Reactive and Functional Coding #
Reactive systems are measured in terms of resilience, responsiveness, elasticity, and message-driven as in the Reactive Manifesto. Many frameworks are available to help developers implement reactive systems; between all of these frameworks, we are interested in the technologies that enable the construction of reactive systems through Functional-Reactice-Programming (FRP) abstractions, particularly ReactiveX and Reactor.
The core of FRP is the Observable pattern described by the Object-Oriented paradigm (GoF Design Patterns). The observable abstraction allows a component to be notified when changes occur instead of pulling the system for changes.
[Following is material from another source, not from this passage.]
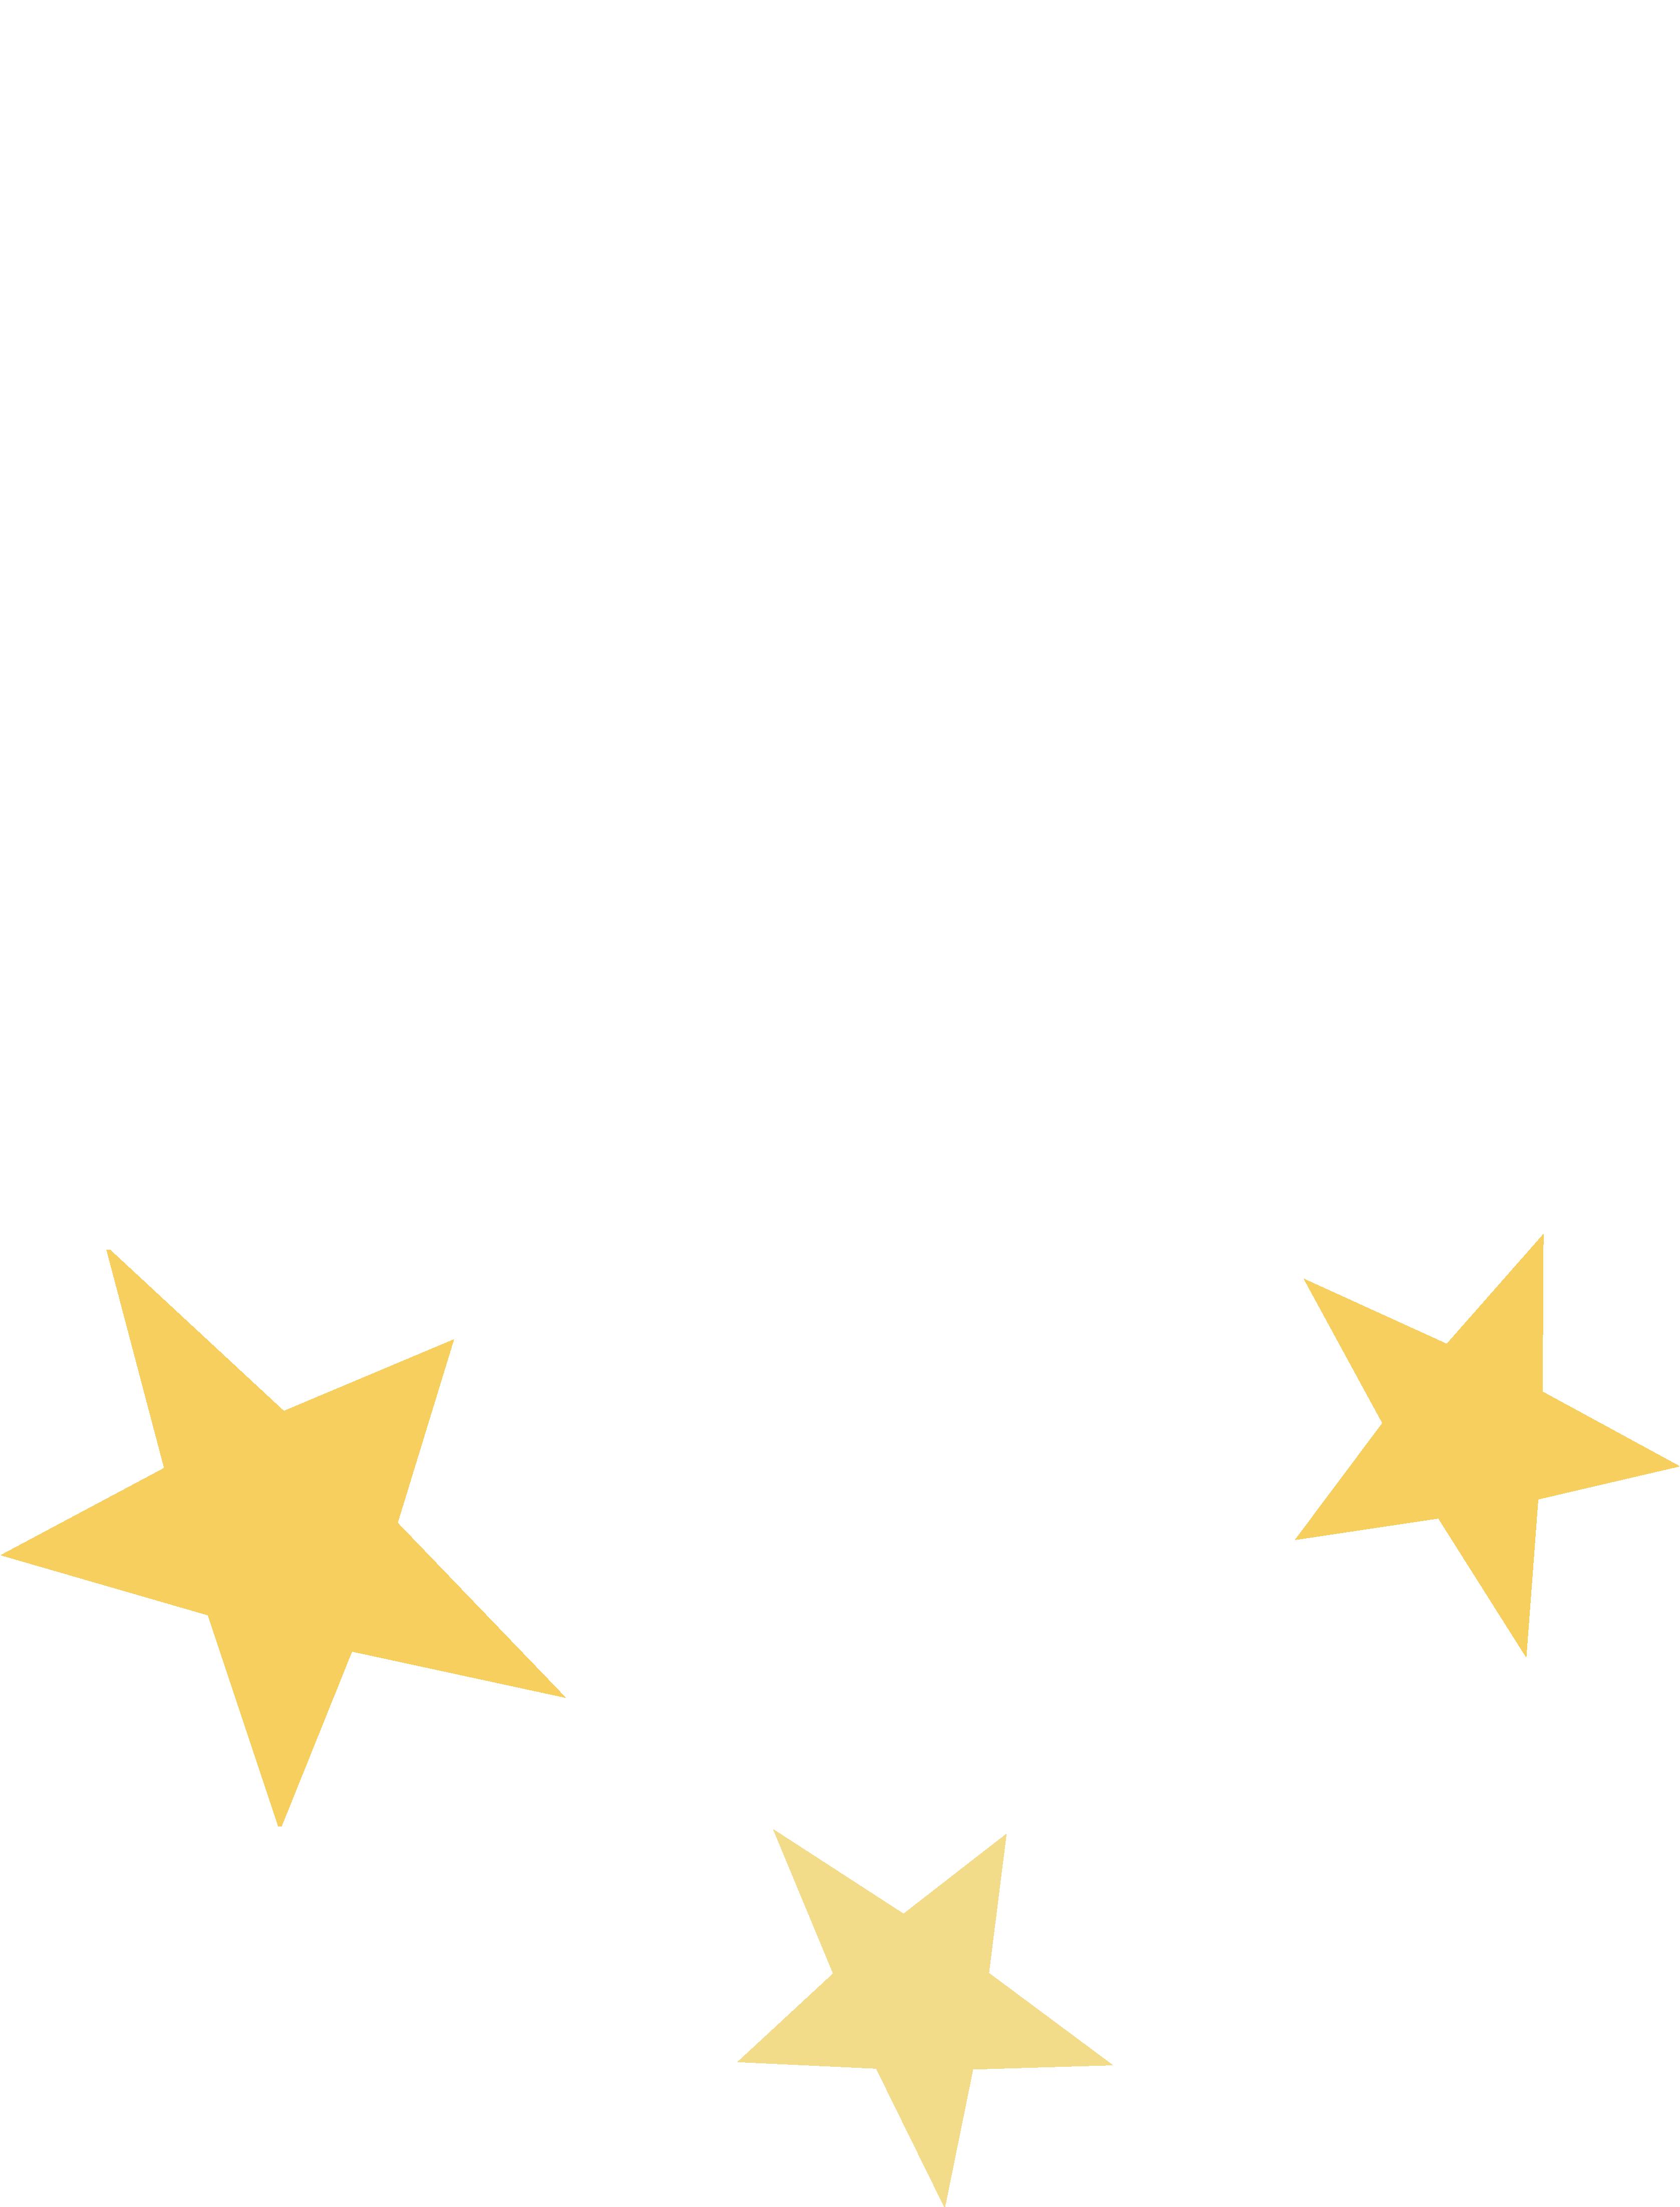 Lightning Dust cutie mark by blueblitzie
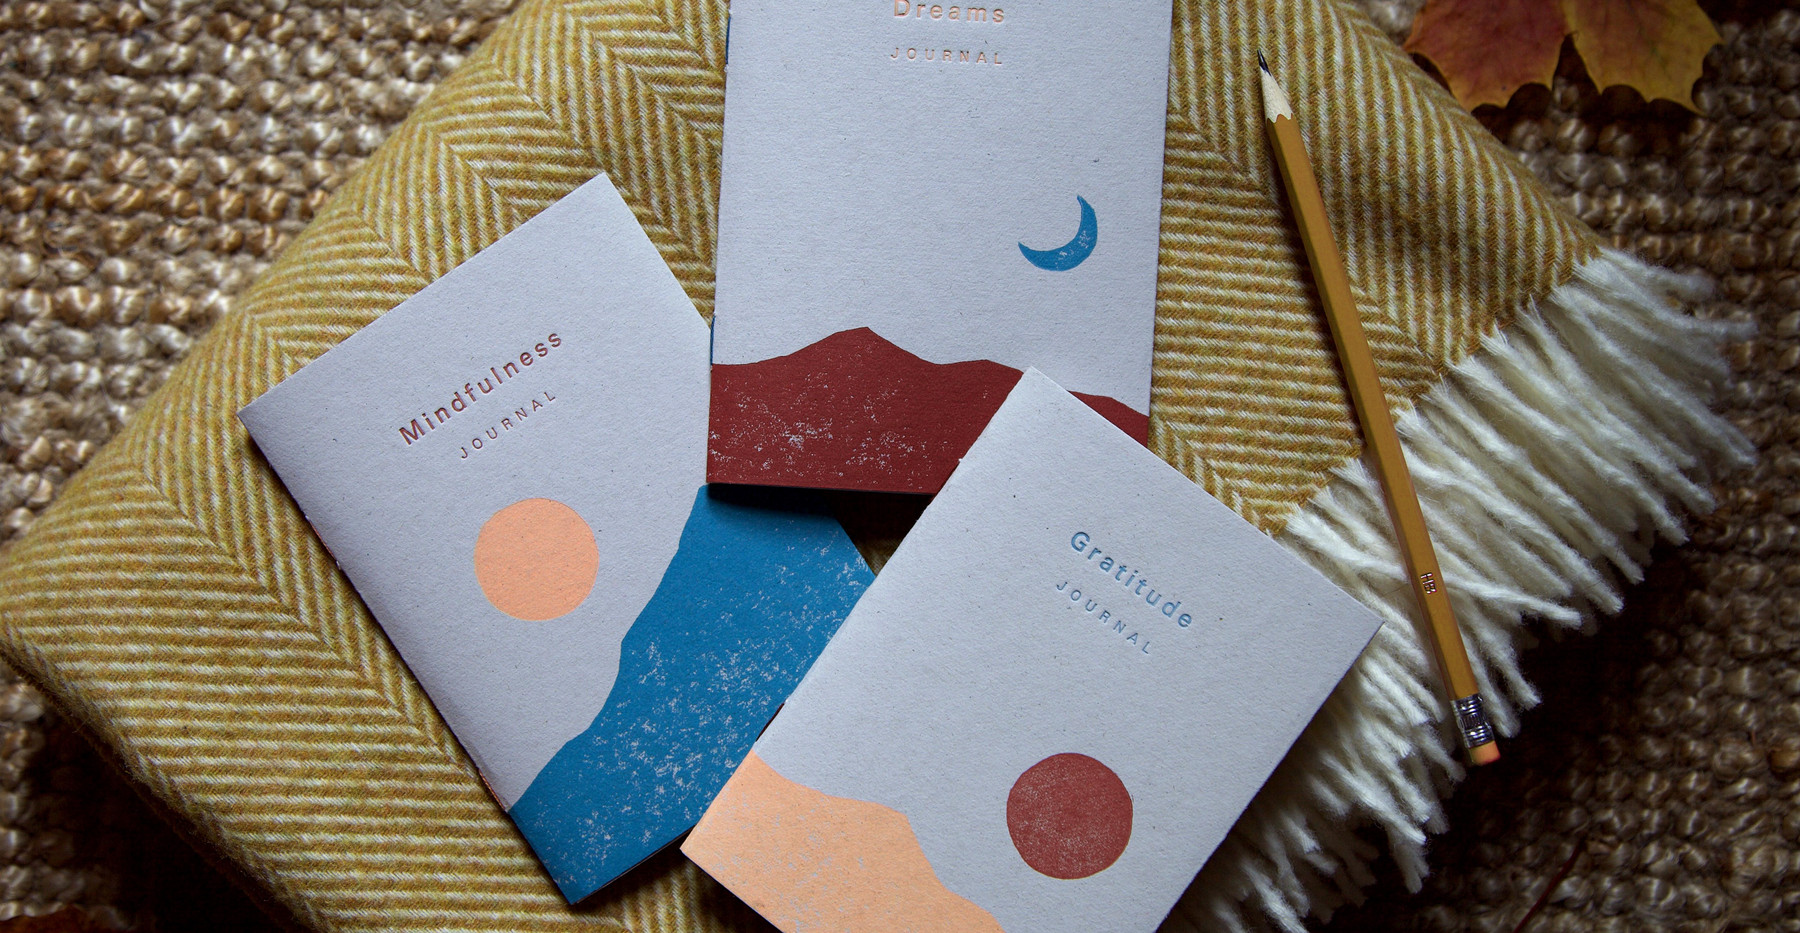 Linocut_Letterpress_Mountains_Journals_Hannah_Farthing

An Observable system is lazy, event-oriented, and uses push/notifications to propagate state changes. In contrast, a traditional imperative system is eager and needs to pull the system state to detect changes continuously, consuming computer resources unnecessarily.
Both ReactiveX and Reactor share common operations described using marble diagrams. The idiom is based on functional programming: map, filter, flatMap, reduce with the addition of more sophisticated ones responsible for merging async operations.
Angular uses ReactiveX, consequently the Observable pattern, as the foundation for its event-oriented and reactive state management. Additionally, Java 9 introduced the Flow API, further strengthening the adoption of FRP by standardization of the observable pattern. A reactive multi-threaded java system implemented using FRP improves memory utilization dramatically by the non-blocking nature of code execution.
Engineers have many choices implementing non-blocking multi-threaded systems, usually in counter-intuitive and complex ways. An FRP multi-threaded implementation is an elegant alternative that is also compatible with the deterministic and idempotent nature of FP functional programming.
In other words, FRP is an essential tool to write modern reactive microservices in the cloud with excellent performance.